Copilot's agentic capabilities and MCP

So far, we've seen how MCP servers extend GitHub Copilot by connecting it to external tools and resources. But what happens when we combine this with agent mode? This is where Copilot shifts from being just a responsive assistant to acting more like an independent collaborator.

What are agentic capabilities?

Agentic capabilities give Copilot the ability to:

  • Work independently by carrying out multi-step workflows without needing constant guidance.

  • Make decisions by choosing which tools or approaches to use based on the context it has. Adapt and improve by responding to feedback, adjusting its approach, and iterating on results.

In other words, agent mode allows Copilot to handle tasks in a way that feels more autonomous, almost like having a teammate who understands the bigger picture rather than just following individual instructions.

How MCP makes Agent mode stronger

On its own, agent mode is powerful. But when you add MCP servers, you give Copilot the ability to reach beyond the immediate coding environment. Through MCP, Copilot can:

  • Access external data, APIs, or enterprise tools directly.
  • Stay in context across multiple platforms, without requiring you to switch applications.
  • Complete “agentic loops,” where it dynamically seeks information, analyzes results, and makes informed next steps, all without restarting the process from scratch.

This means Copilot isn't just reacting to a single prompt.
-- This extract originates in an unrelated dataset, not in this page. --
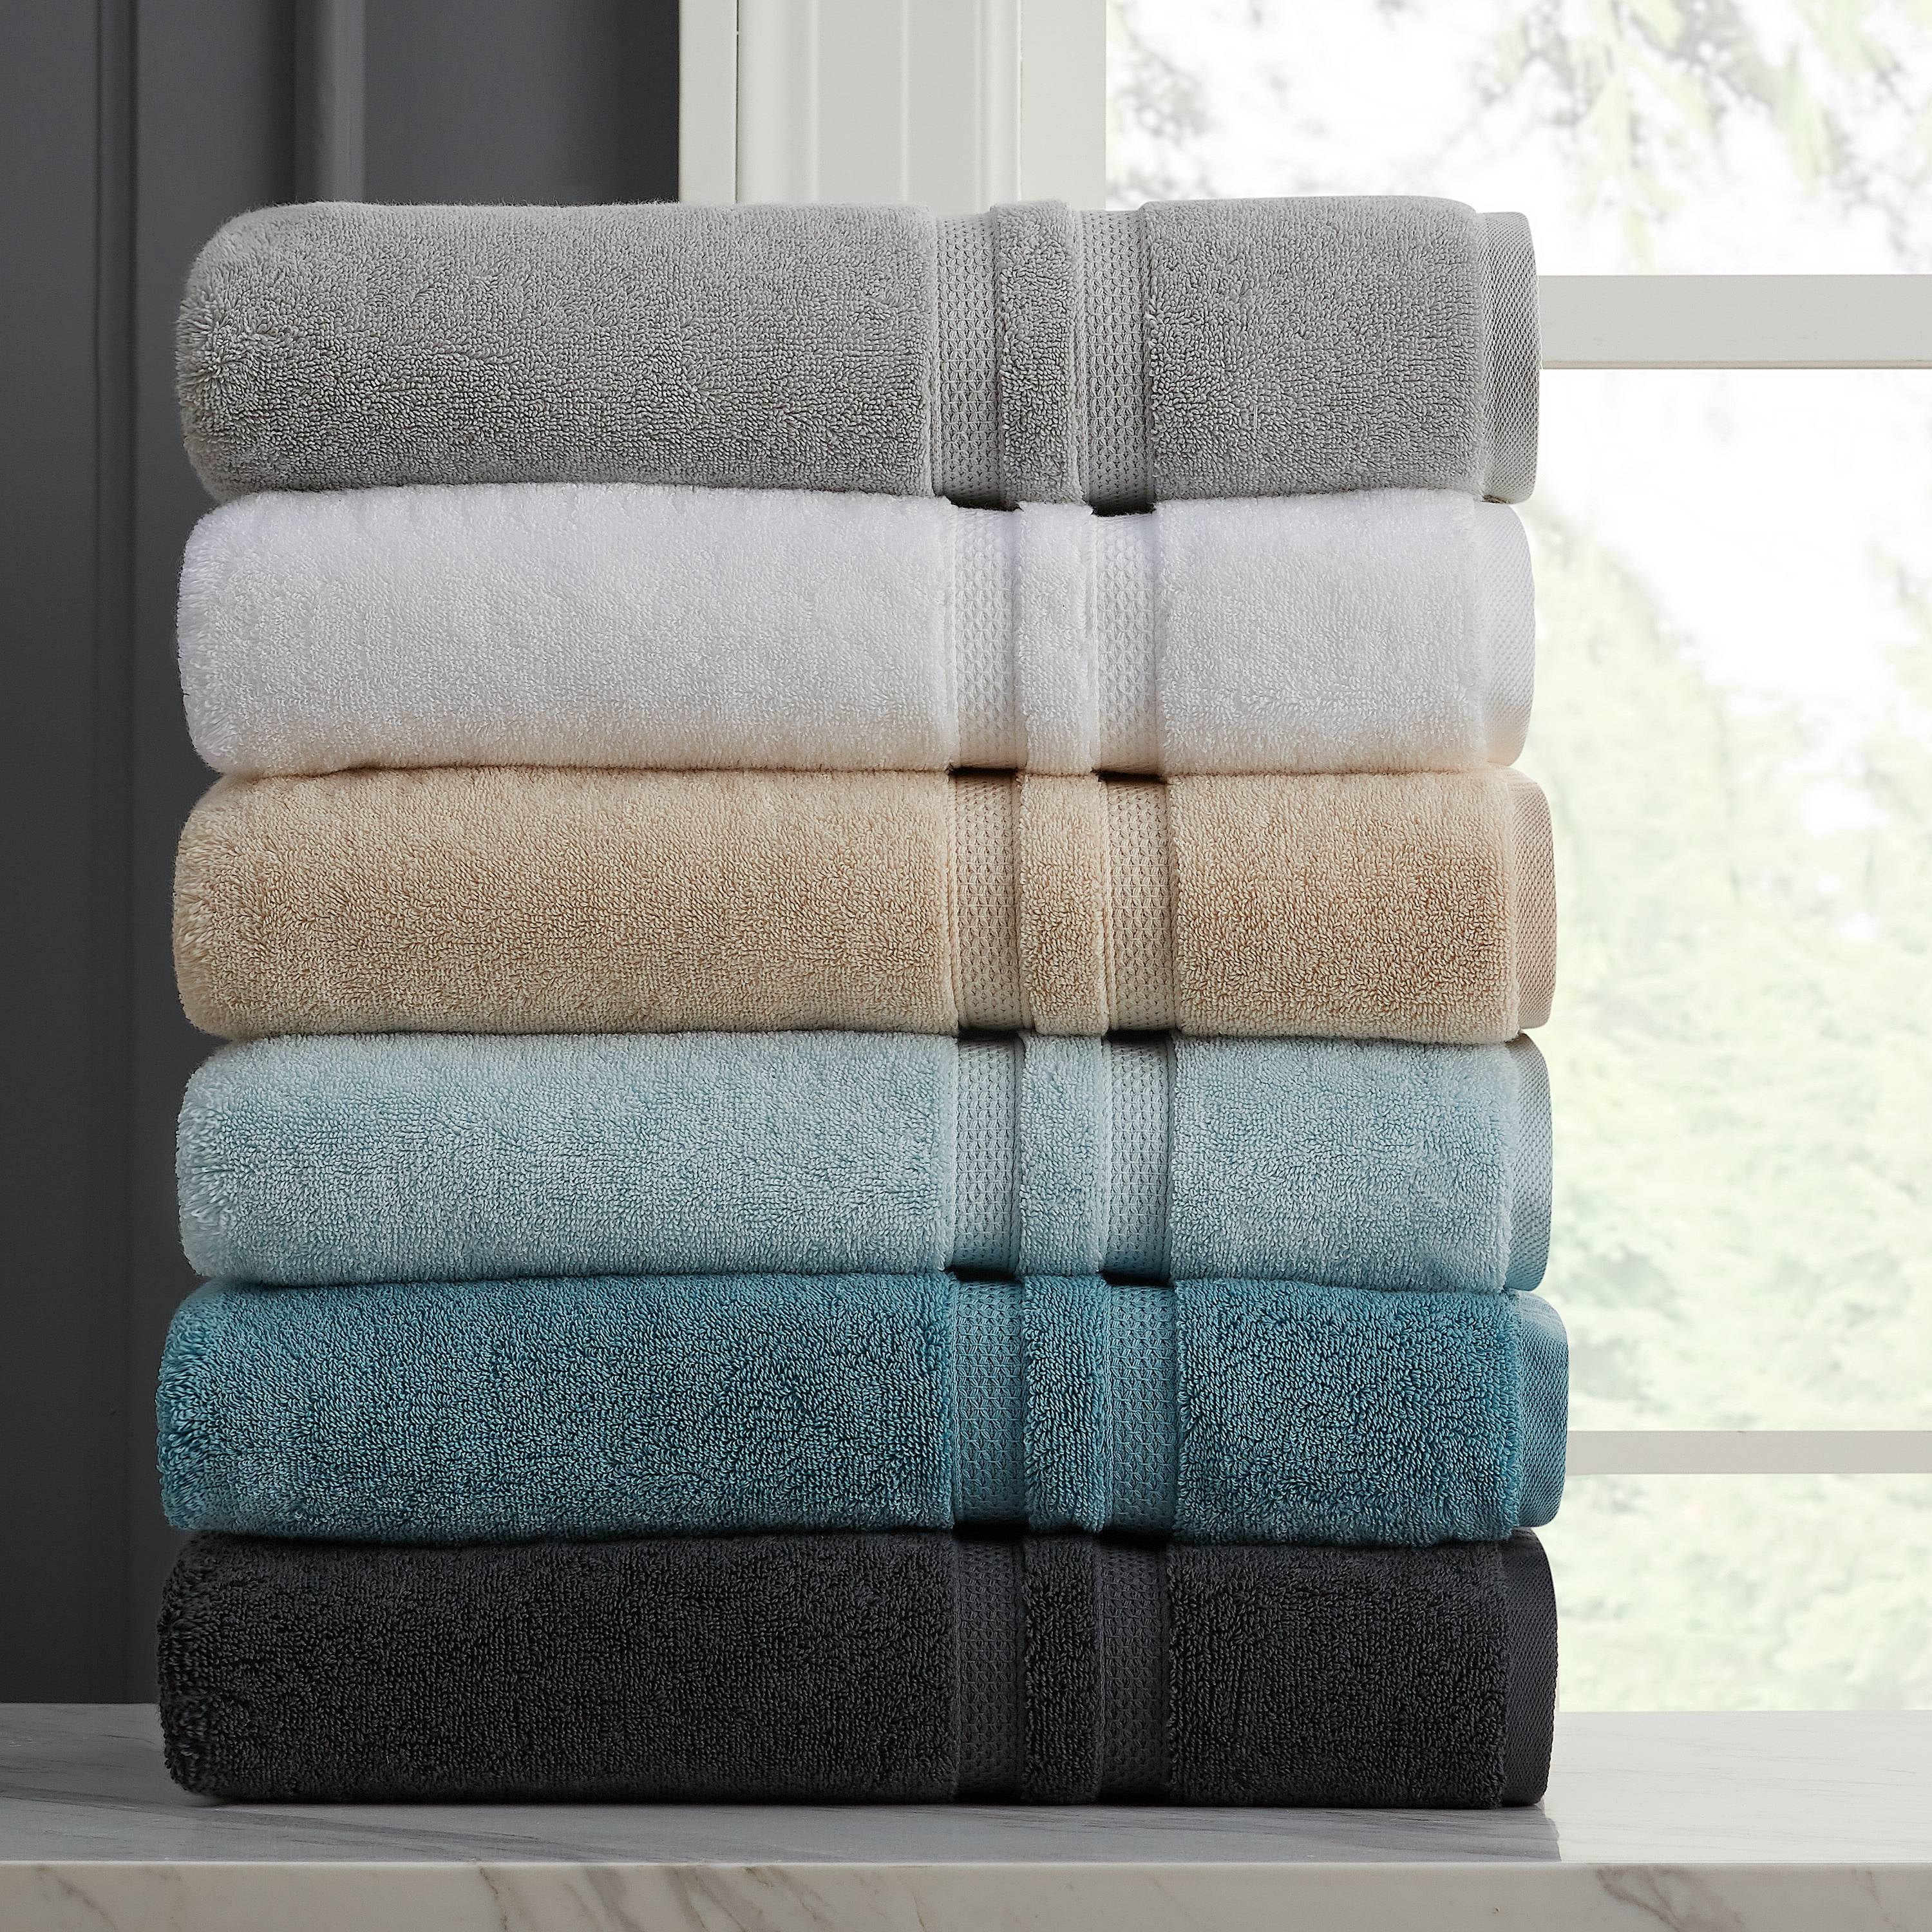 Bath Towel 3 Pieces Set Bathroom Spa Swimming Towels 60% Cotton Luxurious Towels

Instead, it's working in a cycle: exploring, adapting, and refining until it produces the outcome you want.

Benefits of combining MCP with Agent Mode

When you bring these two capabilities together, you unlock key advantages:

  • Extended context: Copilot can draw on information from multiple systems, not just your code editor.

  • Reduced manual effort: Routine work like opening issues, managing workflows, or running checks can be automated while you focus on higher-value decisions.

  • Seamless integration: Copilot can carry out tasks that span tools and platforms, without needing custom connectors or constant switching.

Best practices for success

To get the most from MCP and agent mode, try these strategies:

  • Be clear about goals: Define what you want Copilot to achieve, and what the final output should look like.
  • Provide context: Share background details about your project or workflow. This could include links, references, or prior steps.
  • Set boundaries: If you want Copilot to stop at planning (and not make changes yet), state that. You can also limit which MCP tools are active.
  • Ask for confirmation: Before big changes, have Copilot summarize its plan so you can approve or refine it.
  • Use prompt files or instructions: Create custom prompt files that guide Copilot on how to behave with specific MCP servers. This keeps its behavior consistent and aligned with your workflows.